I was incorrect on your third question. One does not always need to file an MAA before a commercial MIA is granted. However, I was right that Advent utilized the DCVax-l manufacturing process to prove their facility was entitled to an mia.
What was your precise question?
Correct, there may or may not be an RFI issued. The company stated just after submitting the maa that they anticipate an RFI will be issued, probably because that is most common.
What was your precise question?
They don’t have to PR if there is an RFI, as far as I understand. If there is one, it could be easy, moderately hard or difficult to respond to. Meaning, they might need a few days, a few weeks or the entire 60 days to respond. If an RFI is issued.
I think we (longs) are all hoping there was good coordination with regulators through our consultants prior to submission. This coordination is suppose to be easier because this is an orphan indication.
Because you need a response to start phase ii, so they can conduct their assessment of your response. However, if no issues, no RFI and therefore if no response, you can’t start phase II assessment, because the assessment is complete. Therefore, determination. IMO. See my prior points from today for more.

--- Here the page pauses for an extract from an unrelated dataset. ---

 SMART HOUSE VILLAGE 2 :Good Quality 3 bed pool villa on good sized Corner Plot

No. I’ll stand on my points from today.
“Assessment phase I will be completed 80 days after the clock starts. Issues arising or requiring clarification from the initial assessment will be raised with the applicant as a letter requesting further information (RFI) and should be addressed within the clock off period of 60 days.”

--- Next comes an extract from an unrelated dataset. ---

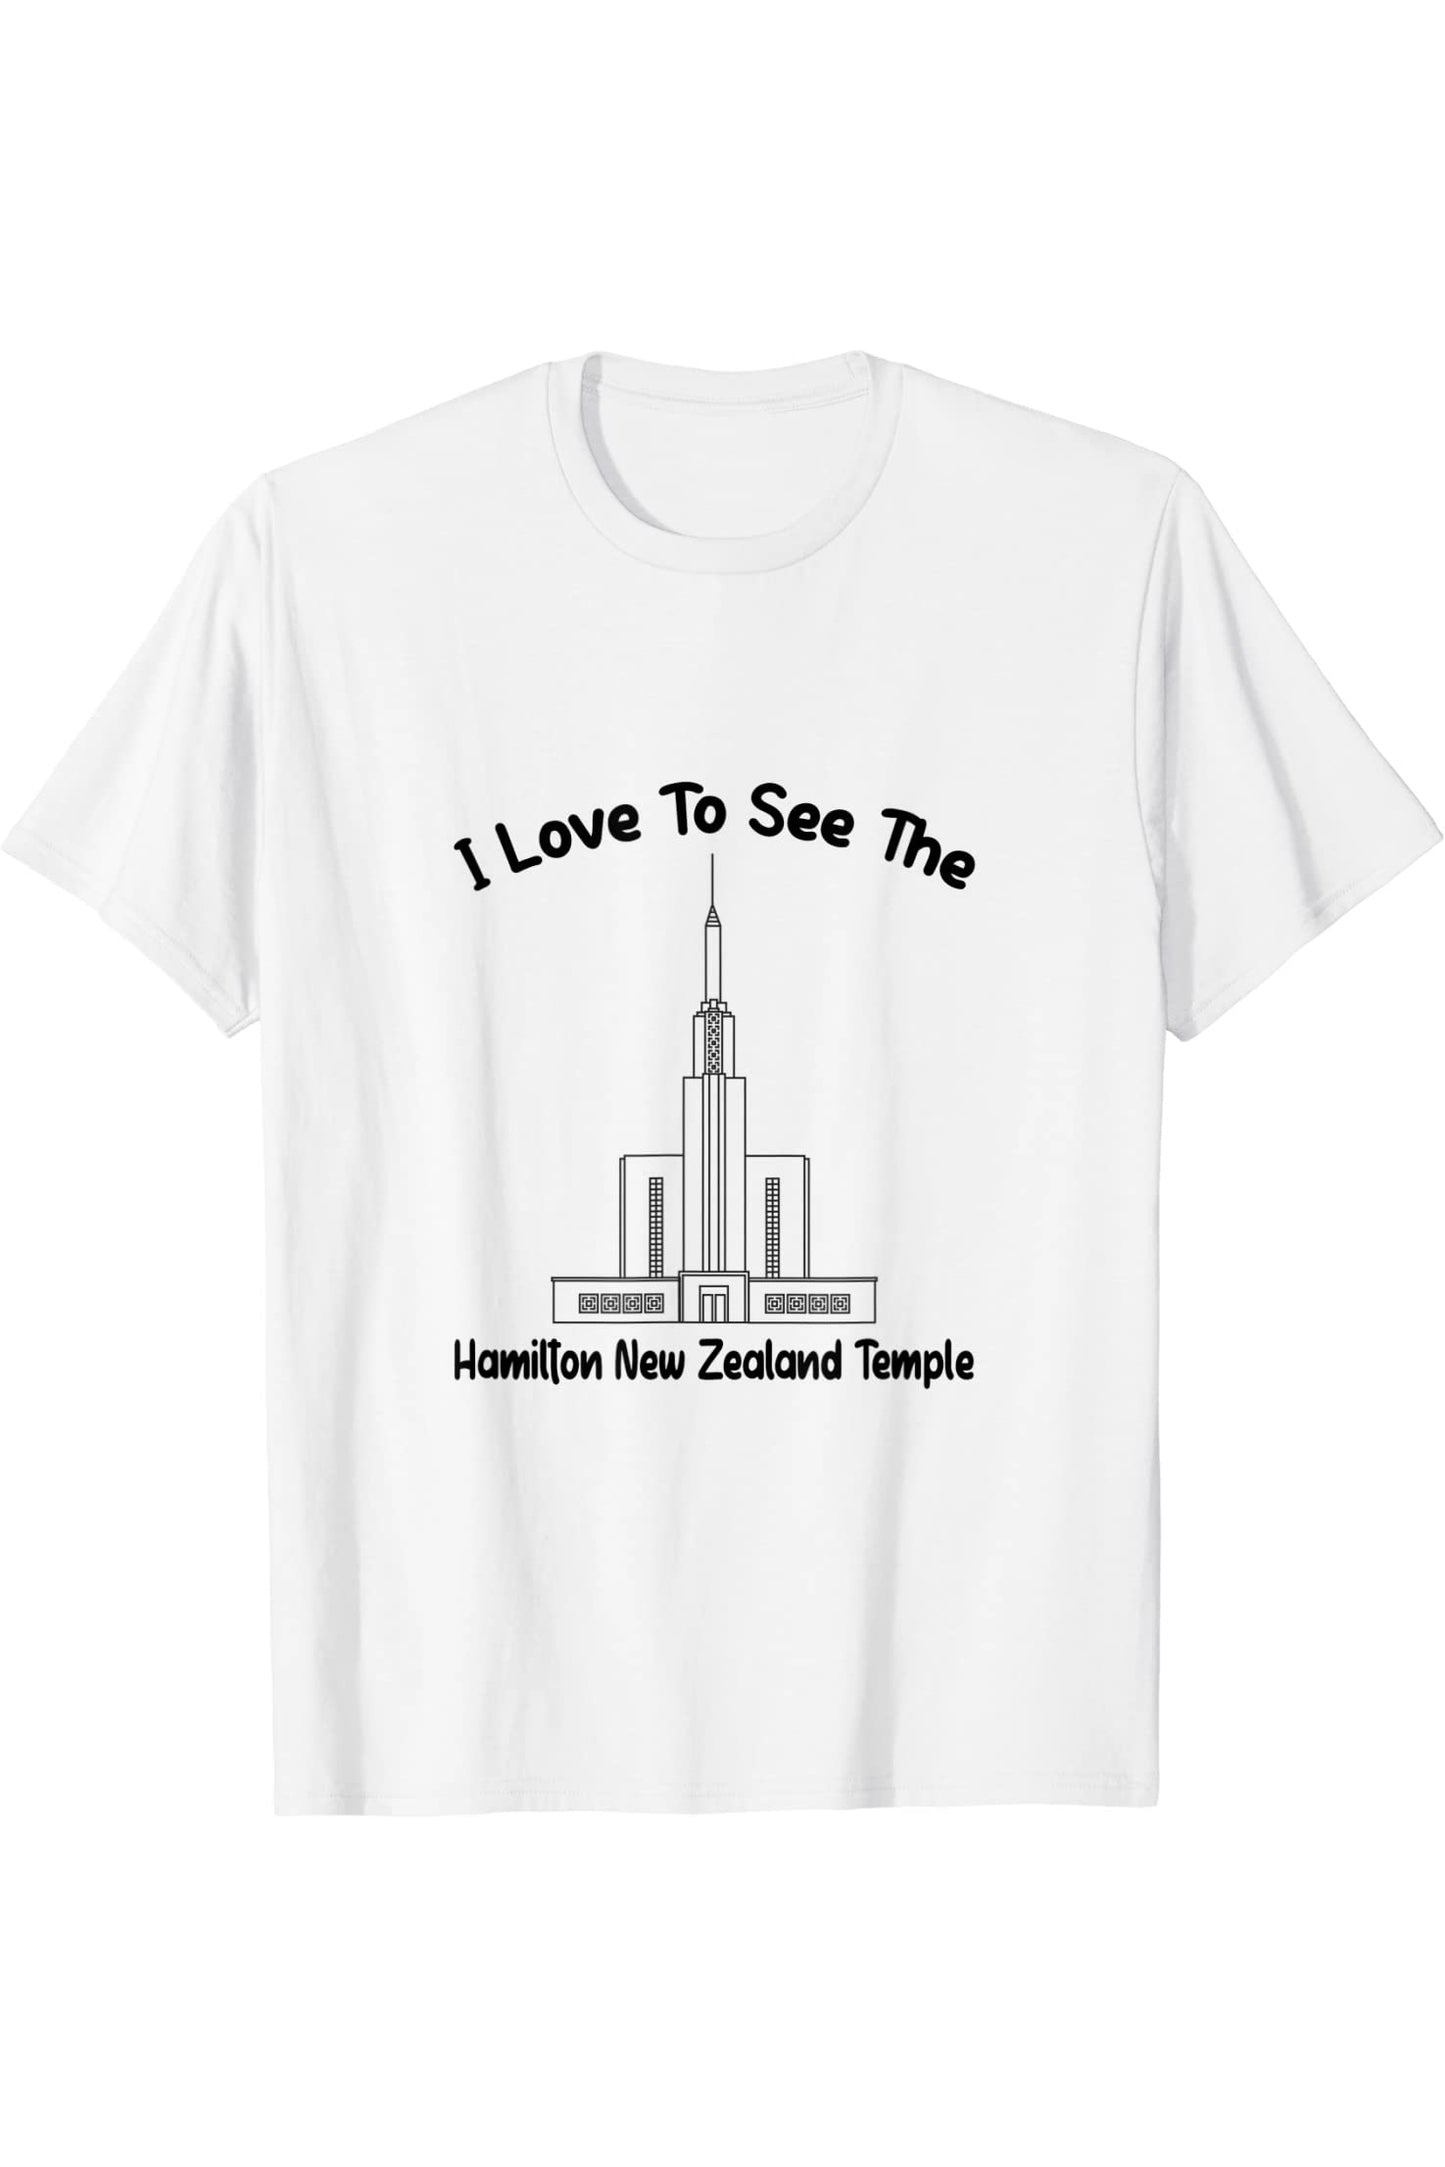 Hamilton New Zealand Temple T-Shirt - Primary Style (English) US

And RFI’s are not always “necessary.”
Poor thing. Always evading reason.
Newsflash, everyone except apparently you has known about the possibility of 60 days clock off for quite some time. But it’s amusing to see you think otherwise.
No, I’ve explained it to you. You simply don’t understand logic.
If an RFI response assessed in Phase II meets all issues raised in phase I it leaves assessment, because it is “complete,”and goes to determination. (According to the recent MHRA newsletter and link on established medicines)
If an RFI was never issued because no issues were raised by MHRA in phase I, then it is “complete” and needs no further assessment. Meaning it would go to determination.
Imo.
You are just repeating yourself. Go back and read my arguments. Read them all. Don’t pick and choose.
Long story short. You and ex think this has to add up to 150 days of assessment. It does not. It can be less. In some cases far less. In some cases no further assessment is done after phase I, just determination.
It’s sorta like:
Prior to JAMA, shorts thought they were playing chicken against a ford fiesta.
After JAMA, shorts thought they were playing chicken against a Camry
After submission, shorts think they are playing chicken against a Ford f-150
After March 21, shorts will think they are playing chicken against an 18 wheeler.
You simply can’t respond to reasoned argument with facts. So you just say stop making stuff up.
Here is your game. You want a vulnerable window where shorts can attack without fear in hopes that you can buy cheaper.
There is no vulnerable window. Time has matured such that many things can occur, and in a couple weeks, the possibility of early approval will be included in that window.